Search Unity

  1. Welcome to the Unity Forums! Please take the time to read our Code of Conduct to familiarize yourself with the forum rules and how to post constructively.

Shaping reward in Self-Play

Discussion in 'ML-Agents' started by Glolut, Feb 27, 2022.

  1. Glolut

    Glolut

    Joined:
    Jun 30, 2021
    Posts:
    7
    According to docs, the reward in self-play should be +1for winning, -1 for losing, and 0 for a draw. However, in my case, it's hard for learning if rewards are only 1, -1, 0. I put some more rewards which are beyond 1 and -1 to teach them useful actions.

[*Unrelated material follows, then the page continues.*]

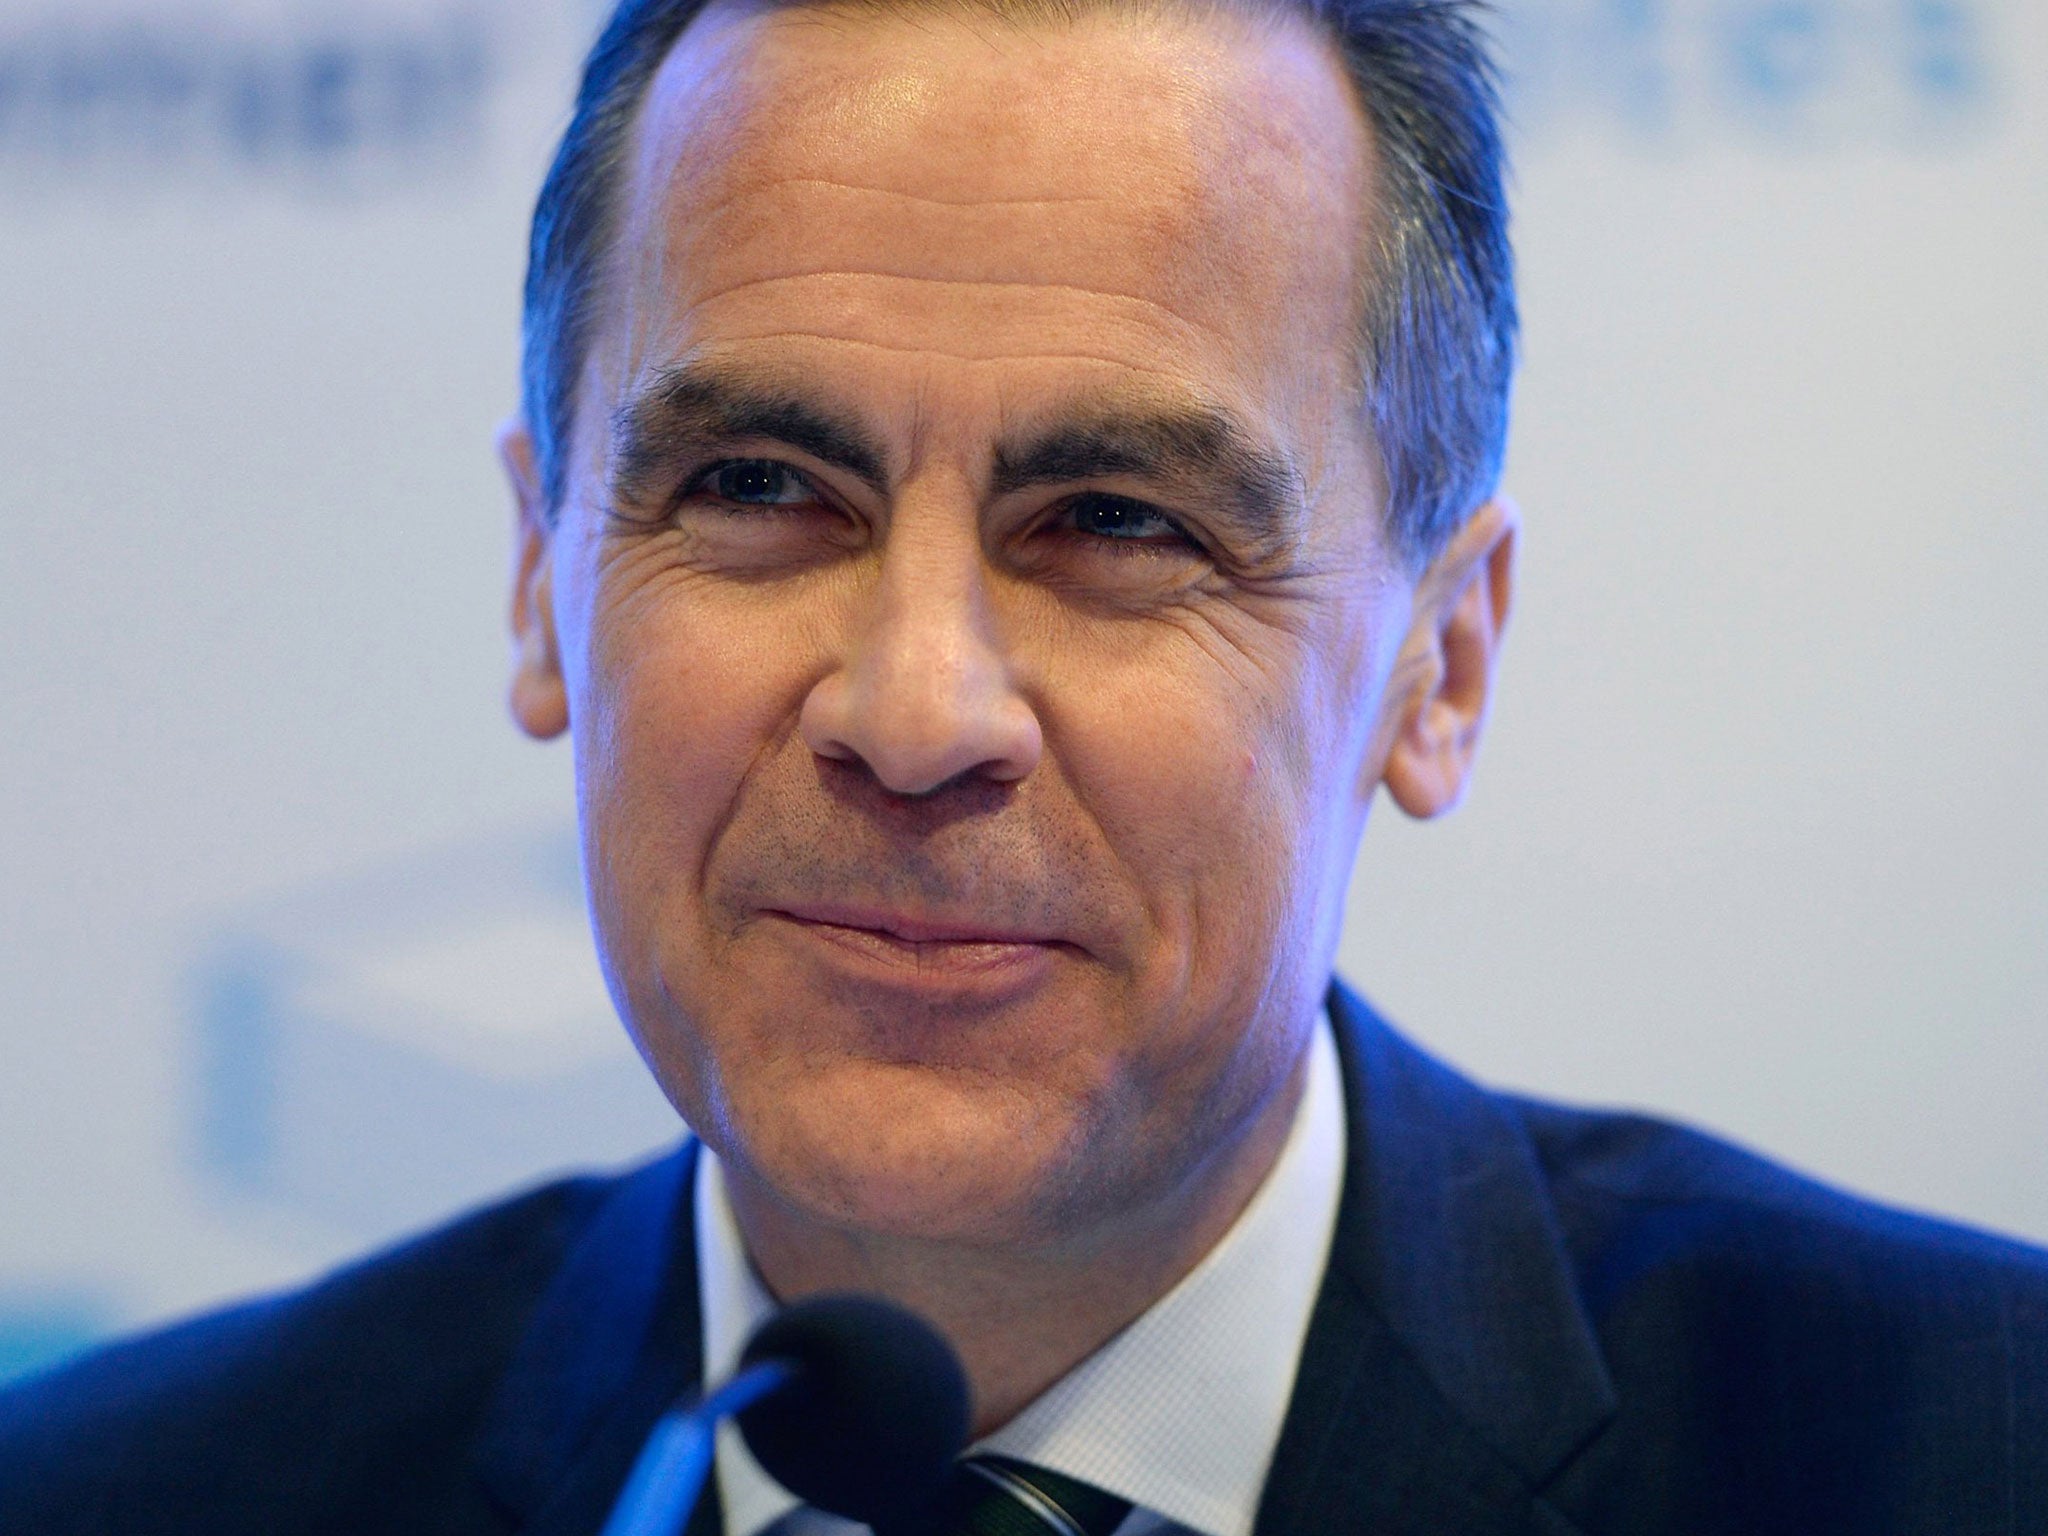 Governor of the Bank of England Mark Carney speaks at a news conference

Then in finals, if then agents win => SetReward(1f), lose => SetReward(-1), at maxStep => SetReward(0f).
    After 1 million step training, I saw only negative mean reward (50k each summary), and ELO decreased overall.
    I'm wondering if this is caused because of my reward shape.
     
  2. weight_theta

    weight_theta

    Joined:
    Aug 23, 2020
    Posts:
    65
    This can occur, especially when you give negative rewards, you may want to clip your reward to never go below a certain threshold.
    Note 1 million is not a lot, try 60 million and then adjust your negative reward accordingly. It would be good if your reward or penalties are a function of the agents actions.